Lecteur inoccupé, tu me croiras bien, sans exiger de serment, si je te dis que je voudrais que ce livre, comme enfant de mon intelligence[1], fût le plus beau, le plus élégant et le plus spirituel qui se pût imaginer ; mais, hélas ! je n’ai pu contrevenir aux lois de la nature, qui veut que chaque être engendre son semblable. Ainsi, que pouvait engendrer un esprit stérile et mal cultivé comme le mien, sinon l’histoire d’un fils sec, maigre, rabougri, fantasque, plein de pensées étranges et que nul autre n’avait conçues, tel enfin qu’il pouvait s’engendrer dans une prison, où toute incommodité a son siége, où tout bruit sinistre fait sa demeure ? Le loisir et le repos, la paix du séjour, l’aménité des champs, la sérénité des cieux, le murmure des fontaines, le calme de l’esprit, toutes ces choses concourent à ce que les muses les plus stériles se montrent fécondes, et offrent au monde ravi des fruits merveilleux qui le comblent de satisfaction.
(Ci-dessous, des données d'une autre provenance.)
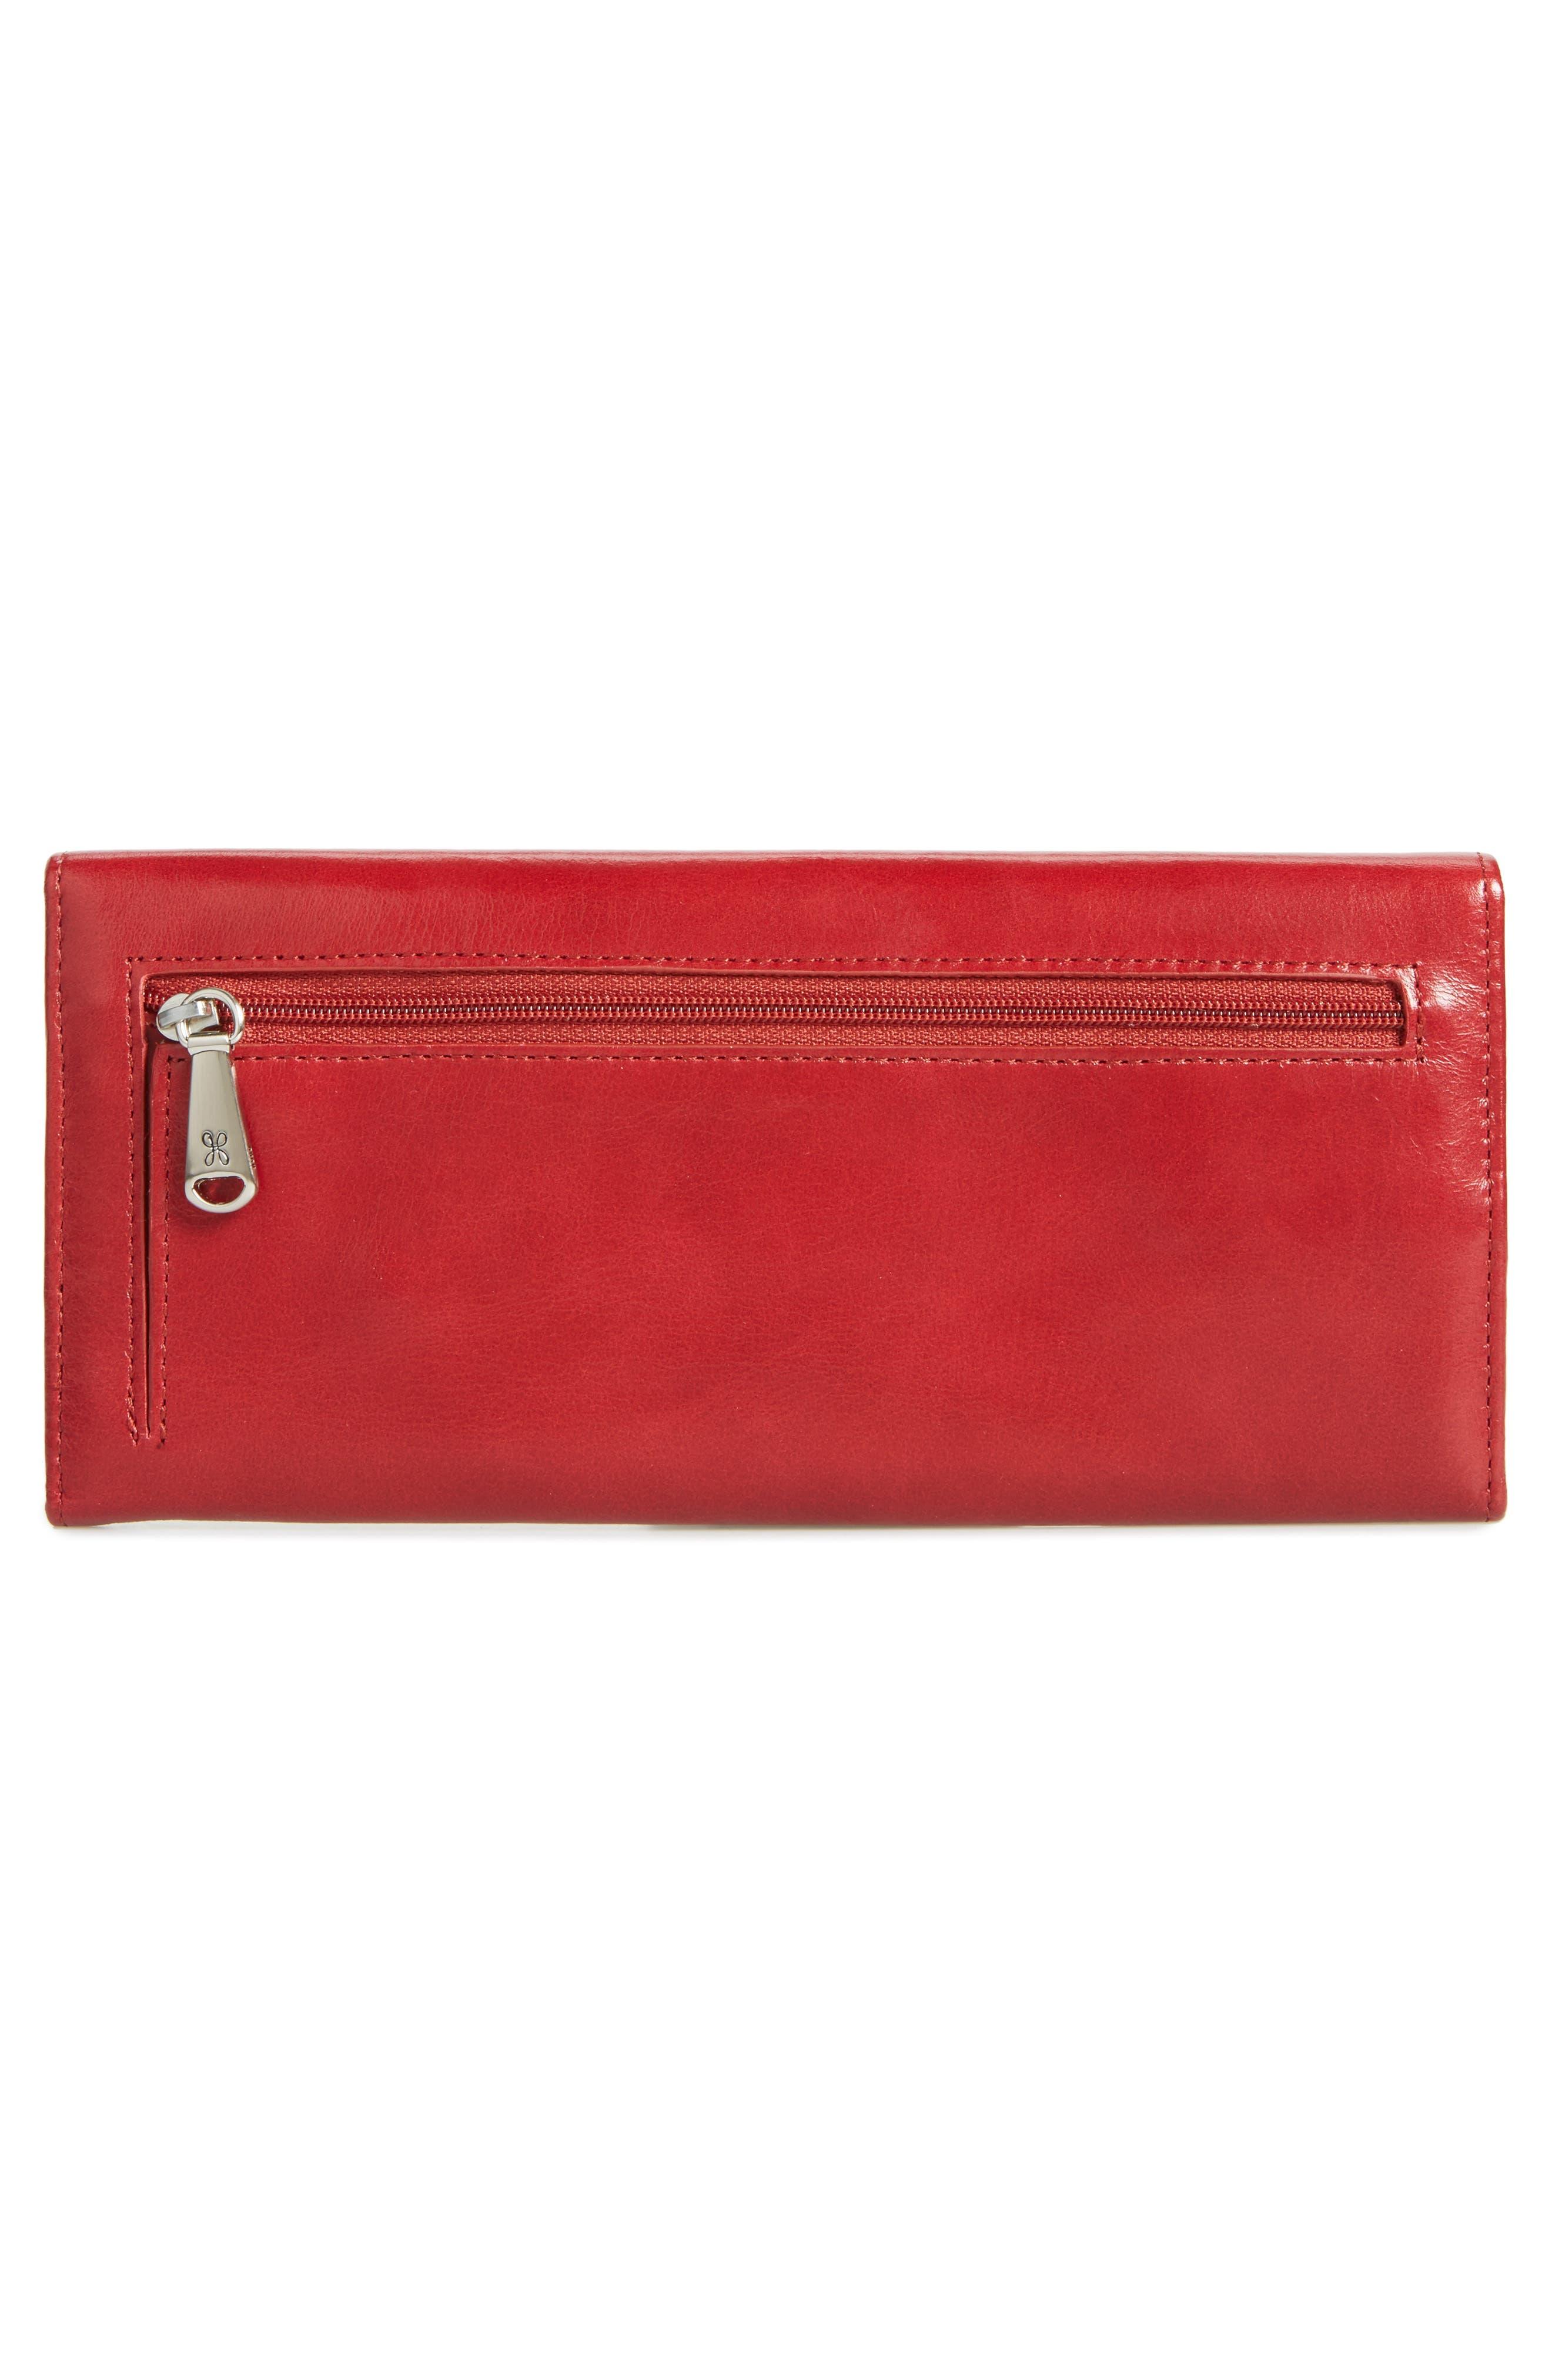 'Sadie' Leather Wallet,                             Alternate thumbnail 110, color,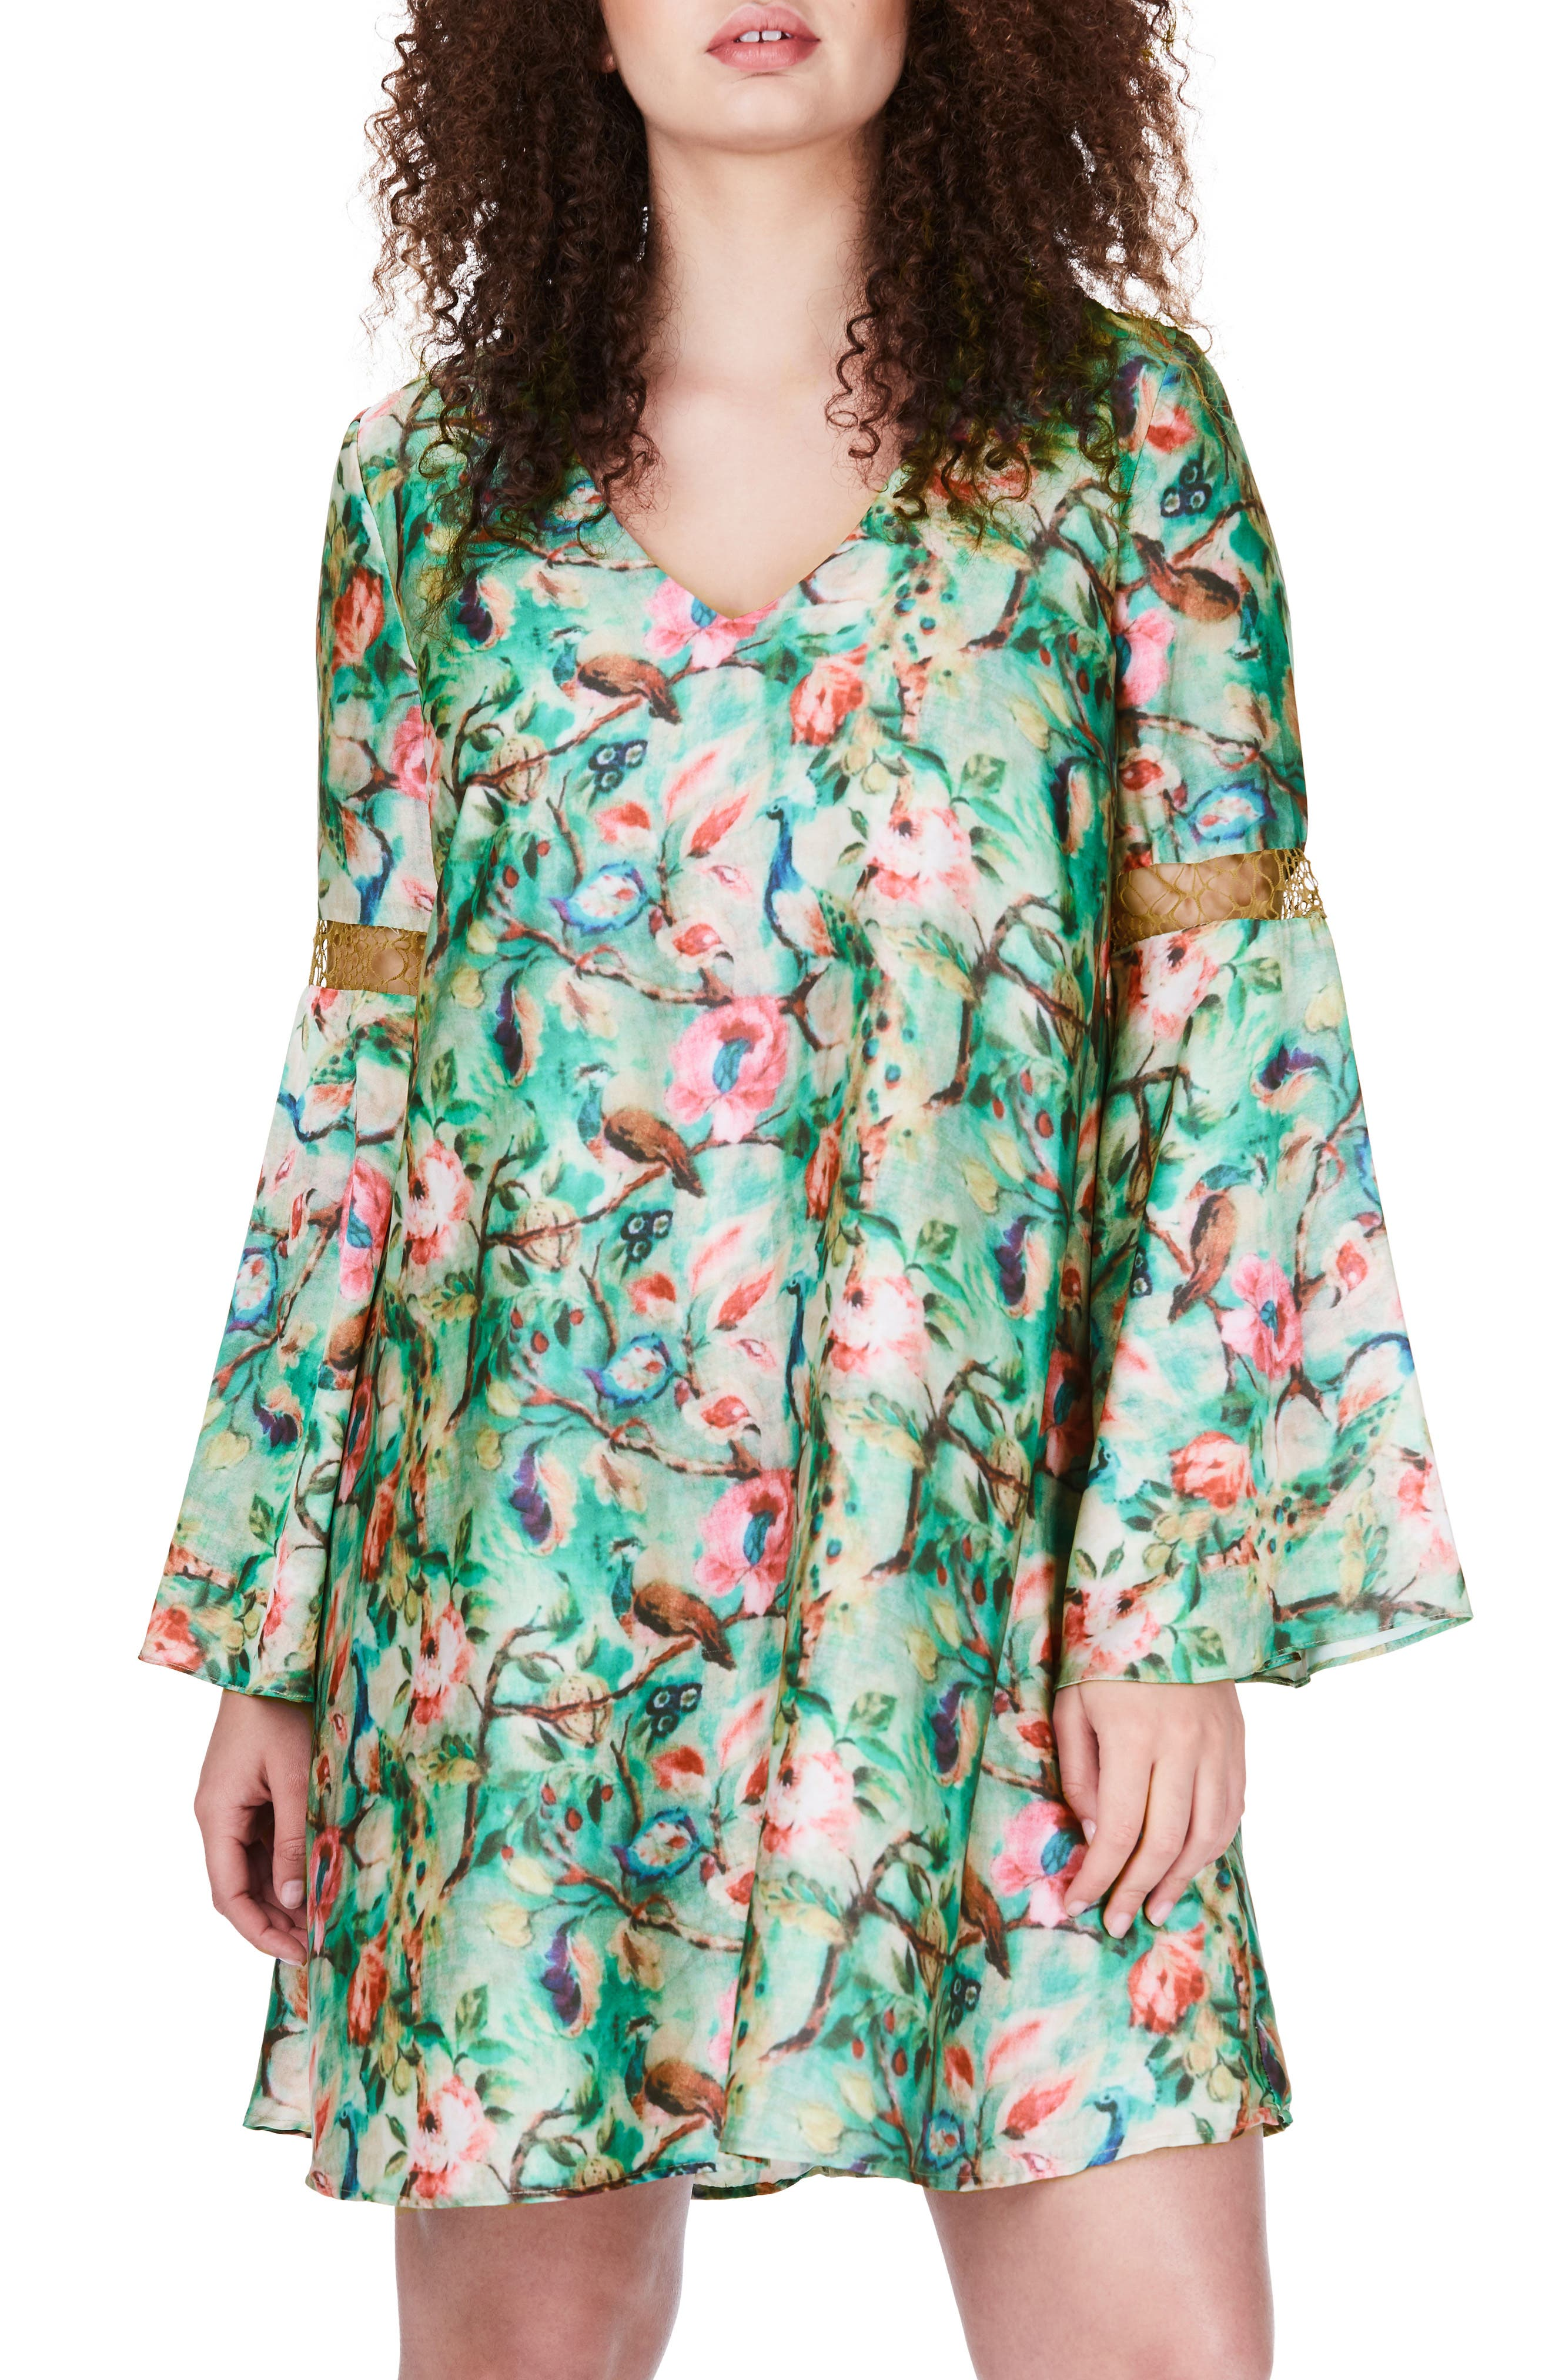 Bell Sleeve Floral Shift Dress,                             Main thumbnail 1, color,                             300

Arrive-t-il qu’un père ait un fils laid et sans aucune grâce, l’amour qu’il porte a cet enfant lui met un bandeau sur les yeux pour qu’il ne voie pas ses défauts ; au contraire, il les prend pour des saillies, des gentillesses, et les conte à ses amis pour des traits charmants d’esprit et de malice. Mais moi, qui ne suis, quoique j’en paraisse le père véritable, que le père putatif 2 de don Quichotte, je ne veux pas suivre

  1. Ces mots expliquent, à ce que je crois, le véritable sens du titre l’Ingénieux hidalgo, titre fort obscur, surtout en espagnol, où le mot ingenioso a plusieurs significations. Cervantès a probablement voulu faire entendre que Don Quichotte était un personnage de son invention, un fils de son esprit (ingenio).